Di sisi lain, perusahaan setrum pelat merah itu melaporkan beban pembelian tenaga listrik dari IPP sudah mencapai di angka Rp94,22 triliun sepanjang Januari hingga September 2022. Beban itu naik signifikan 22,58 persen dari pembelian tenaga listrik IPP pada periode yang sama 2021 di angka Rp76,86 triliun.
Mengutip laporan keuangan triwulan ketiga 2022 milik perseroan, sampai dengan 30 Juni 2022 PLN telah menandatangani 37 kontrak engineering, procurement, construction (EPC) meliputi 10 pembangkit dengan kapasitas 7.490 MW di Jawa-Bali dan 27 pembangkit dengan kapasitas 2.489 MW di luar Jawa-Bali.
Adapun, PLN telah membayar uang muka sebesar US$876.217.780 dan Rp4.790.016 untuk 35 kontrak EPC yang dicatat sebagai aset dalam pembangunan. Uang muka itu didanai dari hasil penerbitan obligasi terjamin dan penarikan fasilitas kredit program percepatan.
Kendati demikian, pakar energi dari Universitas Indonesia Iwa Garniwa meminta PLN untuk berhati-hati menanggapi tren komitmen permintaan listrik yang tinggi dari smelter.
Iwa berpendapat komitmen permintaan listrik itu relatif lemah jika dihadapkan dengan asumsi pertumbuhan ekonomi makro tahun depan yang dibayangi kekhawatiran resesi global.
Seperti diketahui, PLN memproyeksikan pertumbuhan konsumsi listrik sampai dengan 2030 dalam skenario optimis dapat mencapai rata-rata 5,4 persen.

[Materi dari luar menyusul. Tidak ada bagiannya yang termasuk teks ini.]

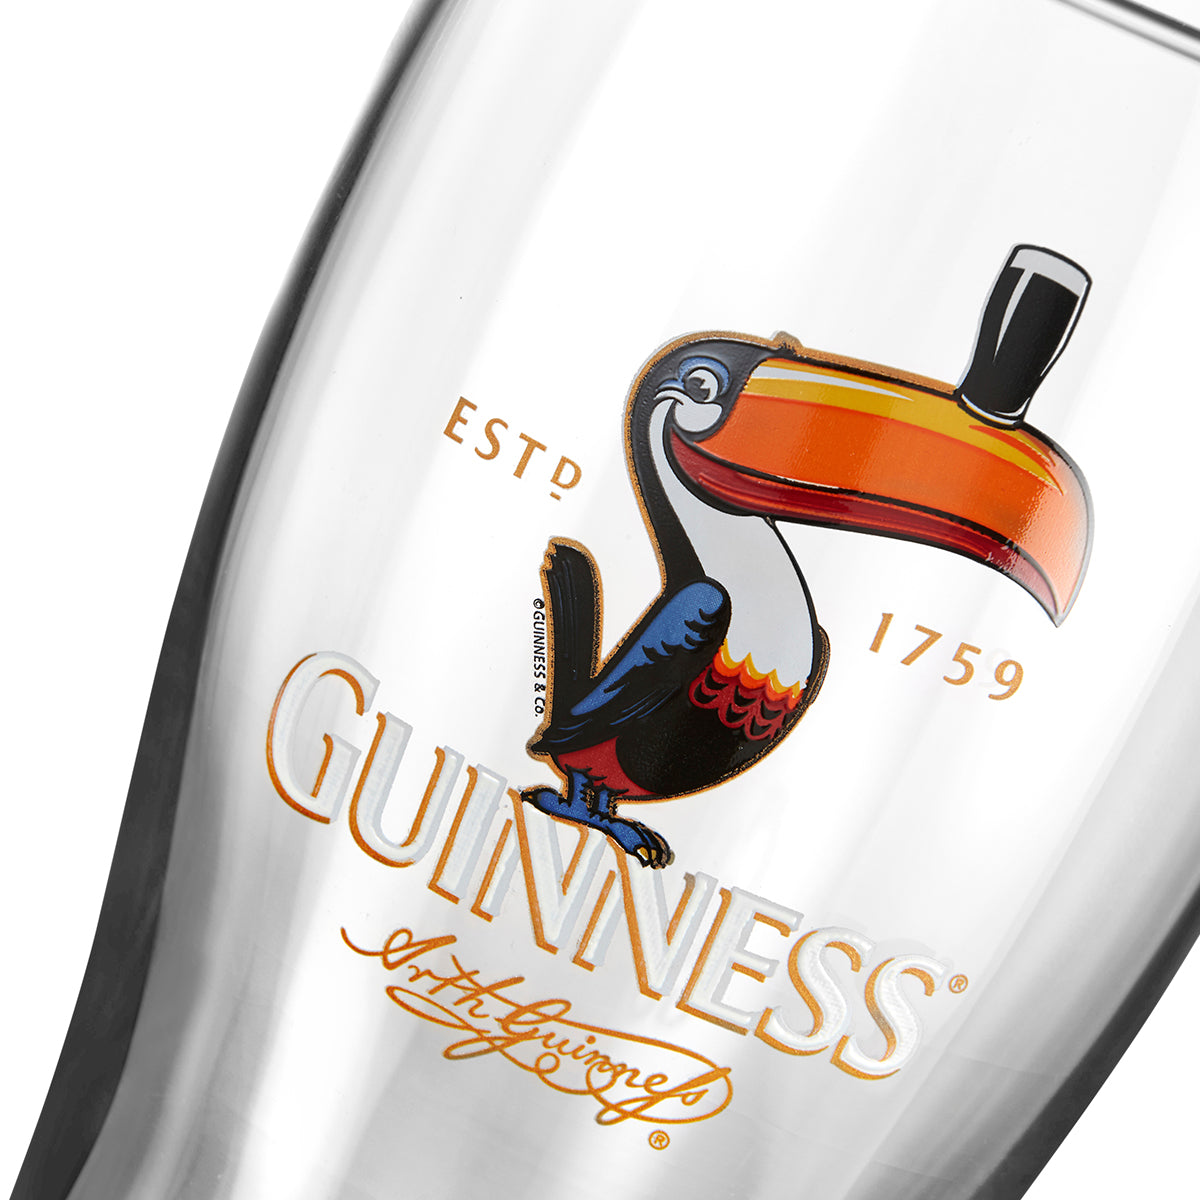 Guinness UK - Guinness Toucan Pint Glass - 2 Pack.

Asumsi ini lebih tinggi dibandingkan asumsi dalam Rencana Usaha Penyediaan Tenaga Listrik (RUPTL) 2021-2030 yang sebesar 4,4-4,7 persen.

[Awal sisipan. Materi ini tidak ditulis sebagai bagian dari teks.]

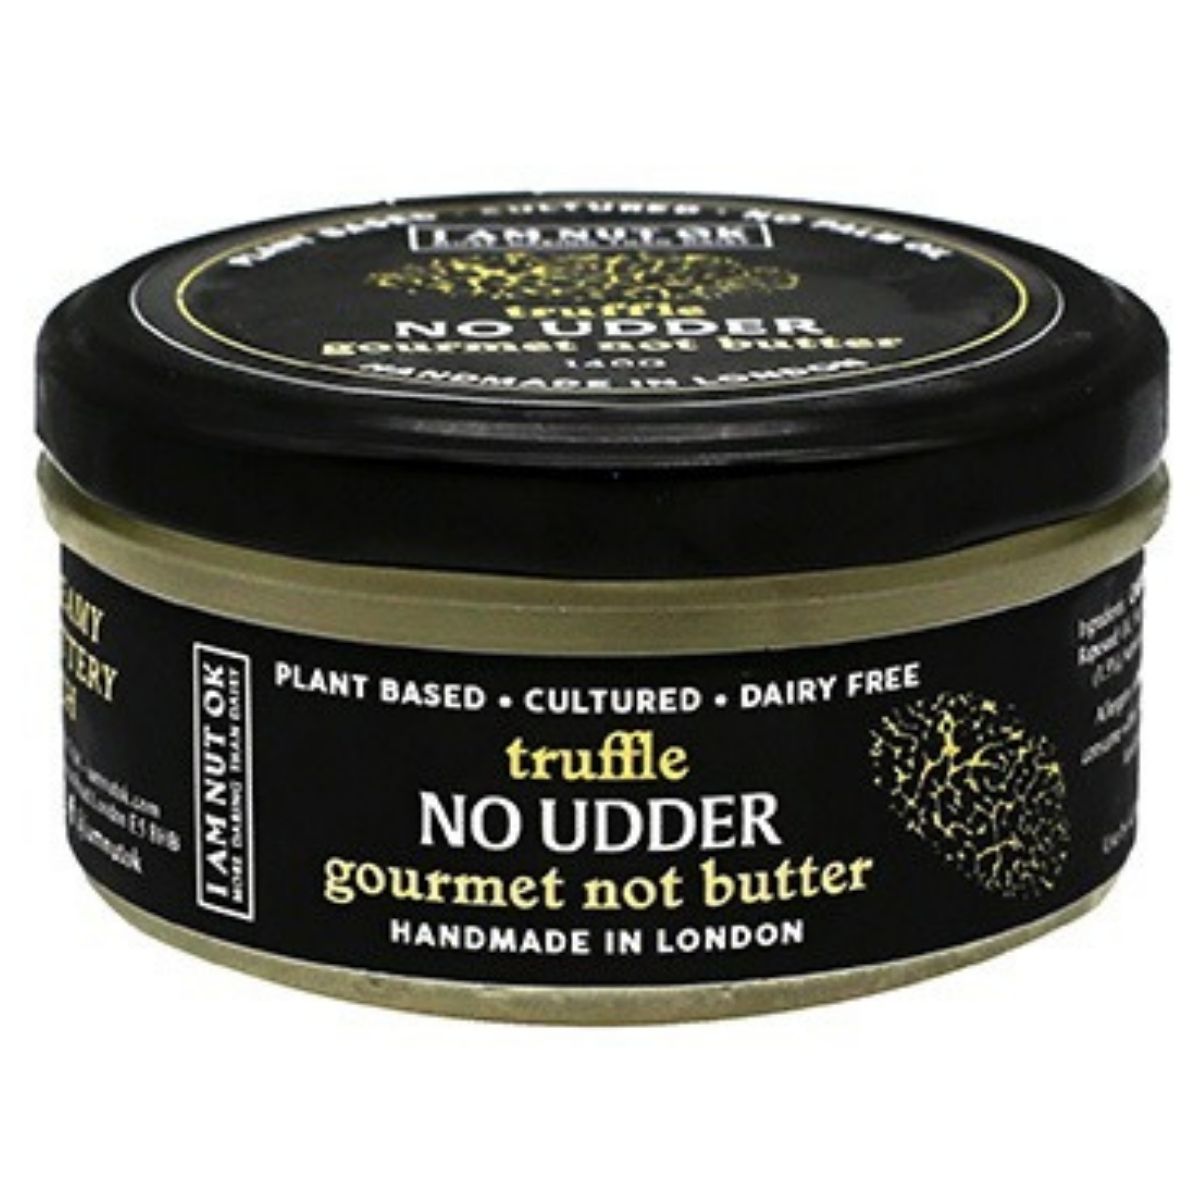 I Am Nut OK Gourmet Not Butter Truffle - 140g ❄️

Dalam proyeksi moderat, perusahaan setrum pelat merah itu memproyeksikan rata-rata pertumbuhan permintaan listrik sampai dengan 2030 berada di kisaran paling rendah 4,91 persen.
“Belum ada kepastian ekonomi kita tumbuh walau pemerintah mengatakan kita akan ada di atas 5 persen, saya tidak yakin itu terjadi,” kata Iwa saat dihubungi, Selasa (20/12/2022).
Iwa meminta PLN untuk belajar dari pengalaman penyusunan rencana penyediaan listrik pada 2014-2015 lalu yang belakangan justru meleset dari prediksi awal.
Menurut dia, PLN dapat mematok penambahan kapasitas daya terpasang pembangkit listrik dengan hitungan konservatif menyesuaikan tren pertumbuhan ekonomi saat ini, kendati komitmen investasi smelter belakangan mencatatkan pertumbuhan yang signifikan.
“Pengalaman yang lalu dari 35.000 megawatt [MW] itu tidak lebih dari setengahnya yang terbangun,” kata dia.